DATA FOR THIS EXERCISE:
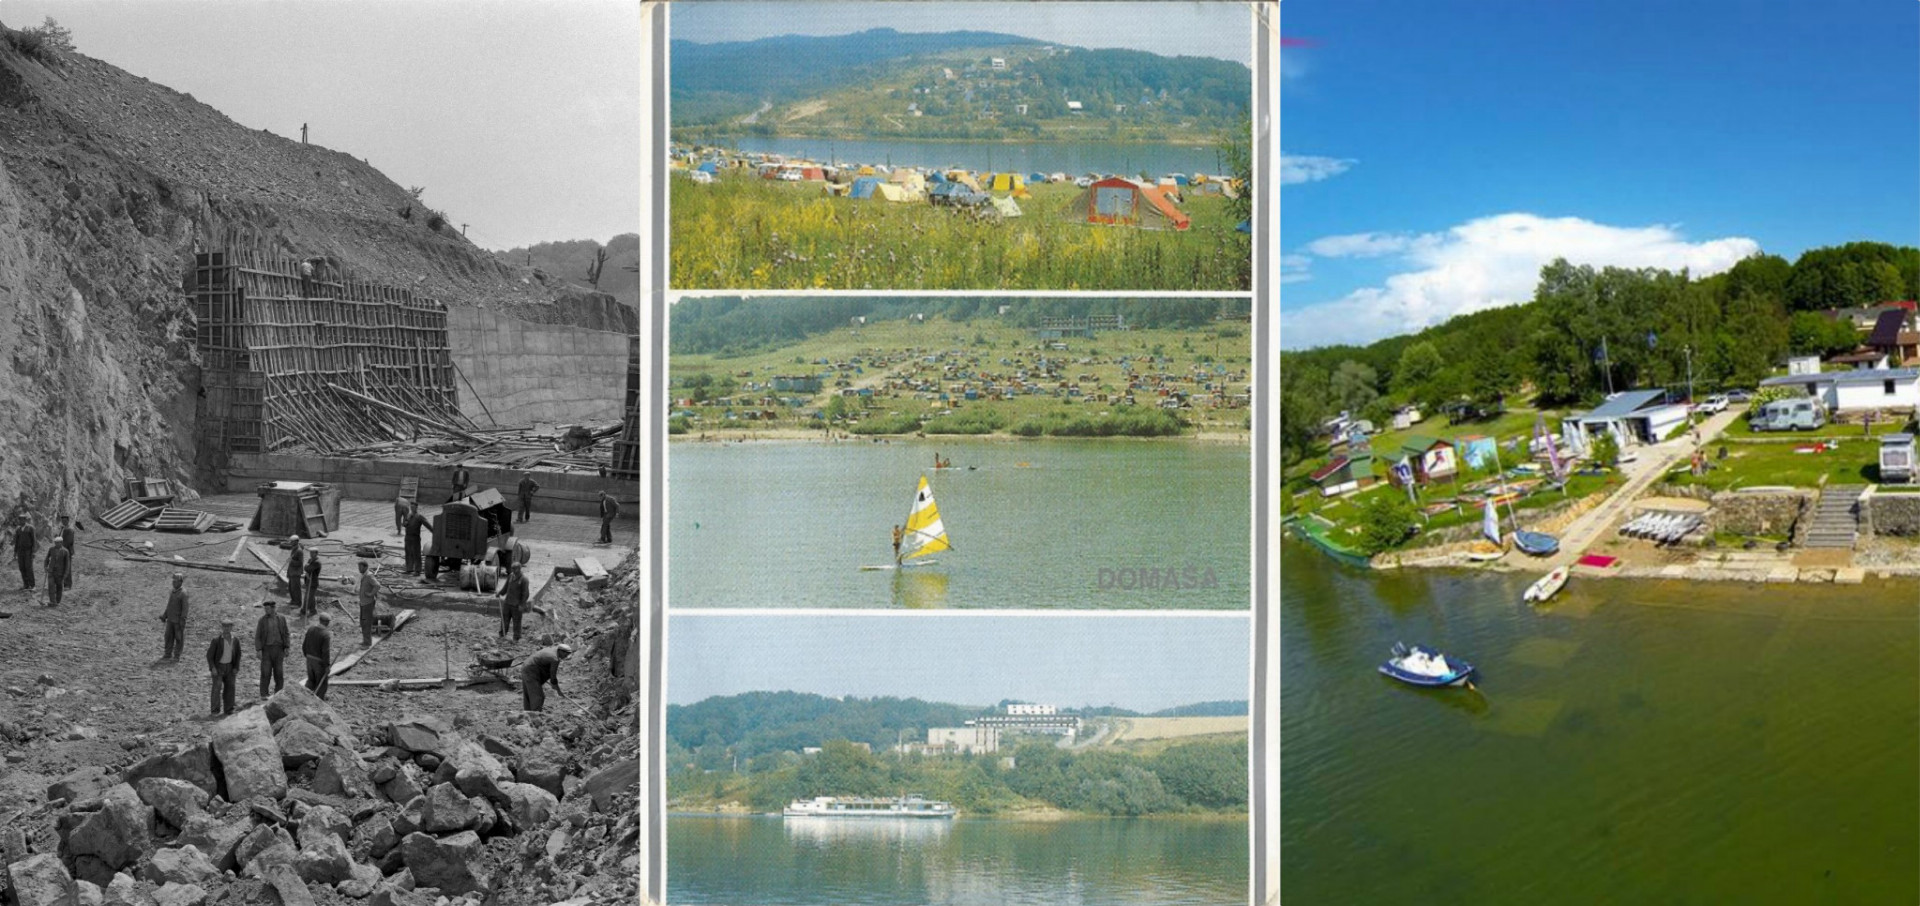 Veľká Domaša je viacúčelové vodné dielo - vodná nádrž v okresoch Vranov nad Topľou a Stropkov. Výstavba začala vo februári 1962 a ukončená bola v decembri 1967 a v decembri 1967 bola ukončená výstavba celého vodného diela, uvádza Wikipedia.

Nádrž má veľký vodohospodársky význam s polyfunkčným charakterom. Pre ročné zrážkové výkyvy a nerovnomerné odbery vody hladina aj v priebehu roka intenzívne kolíše.
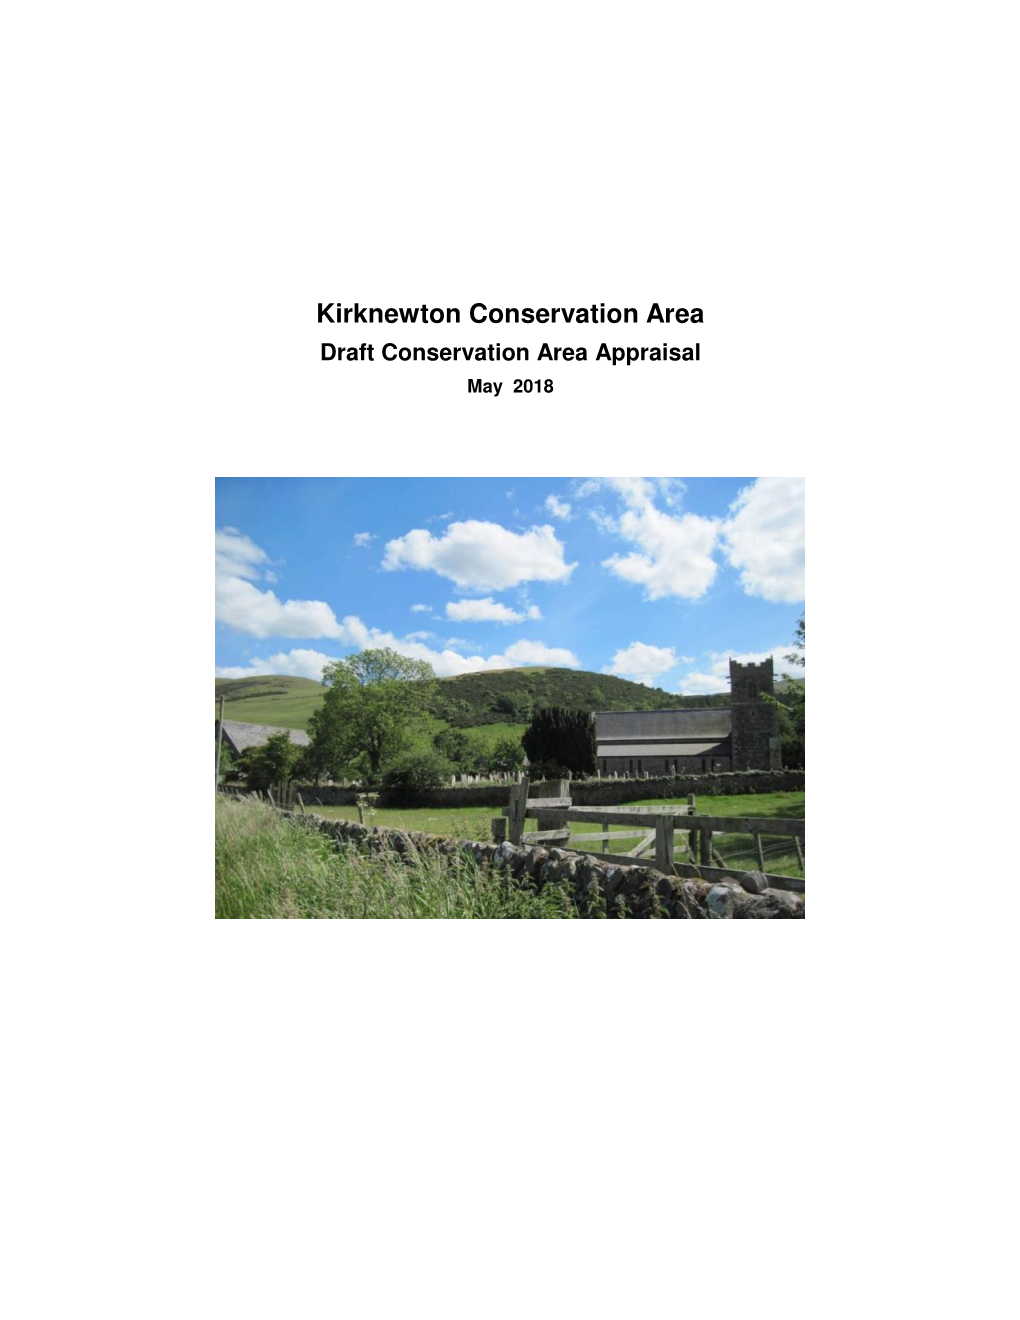 Kirknewton Conservation Area Draft Conservation Area Appraisal May 2018
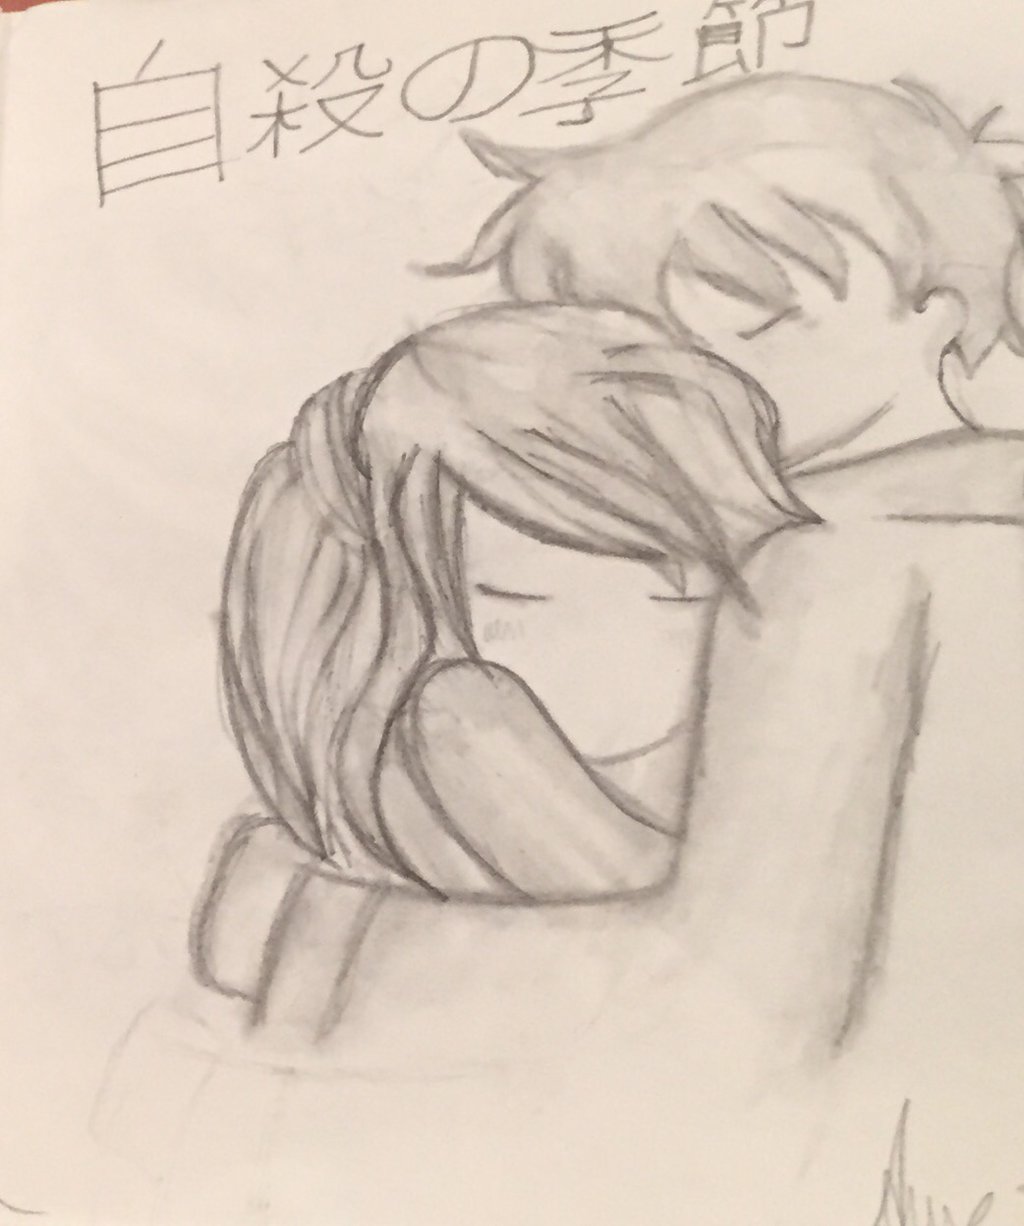 Chibi Anime Boy And Girl Hugging Anime Wallpapers
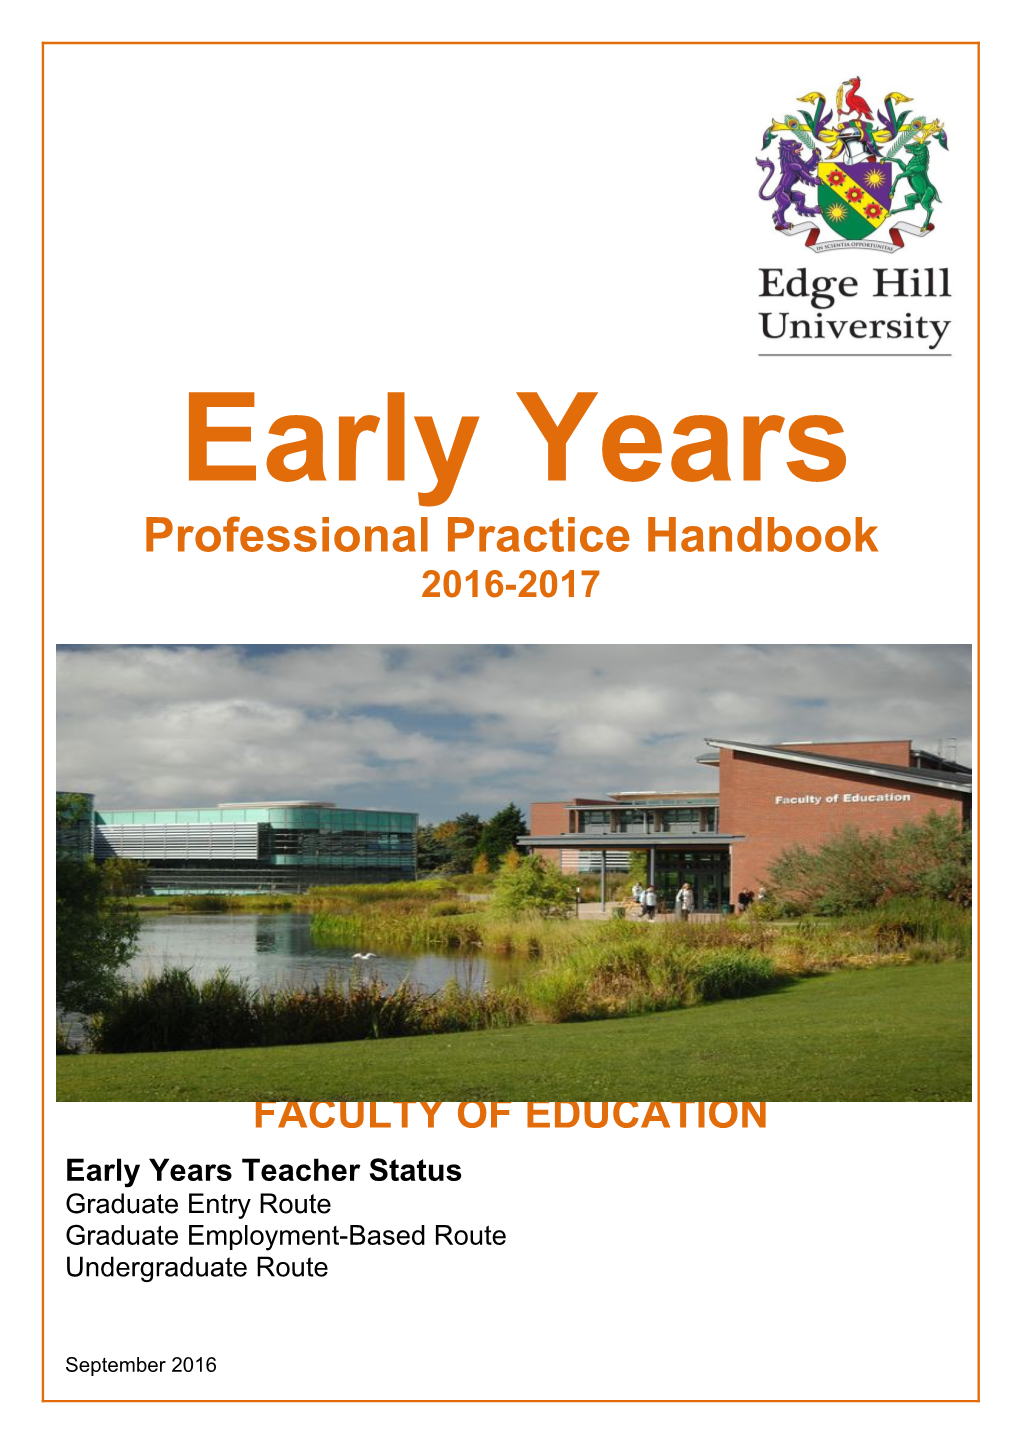 Professional Practice Handbook

ACTIVITY: Set down, in exact form, only the lines that start at the one containing "Chibi Anime Boy" and finish at the last line of the material; pictures do not go in.

EXERCISE OUTPUT:
 Chibi Anime Boy And Girl Hugging Anime Wallpapers
 Professional Practice Handbook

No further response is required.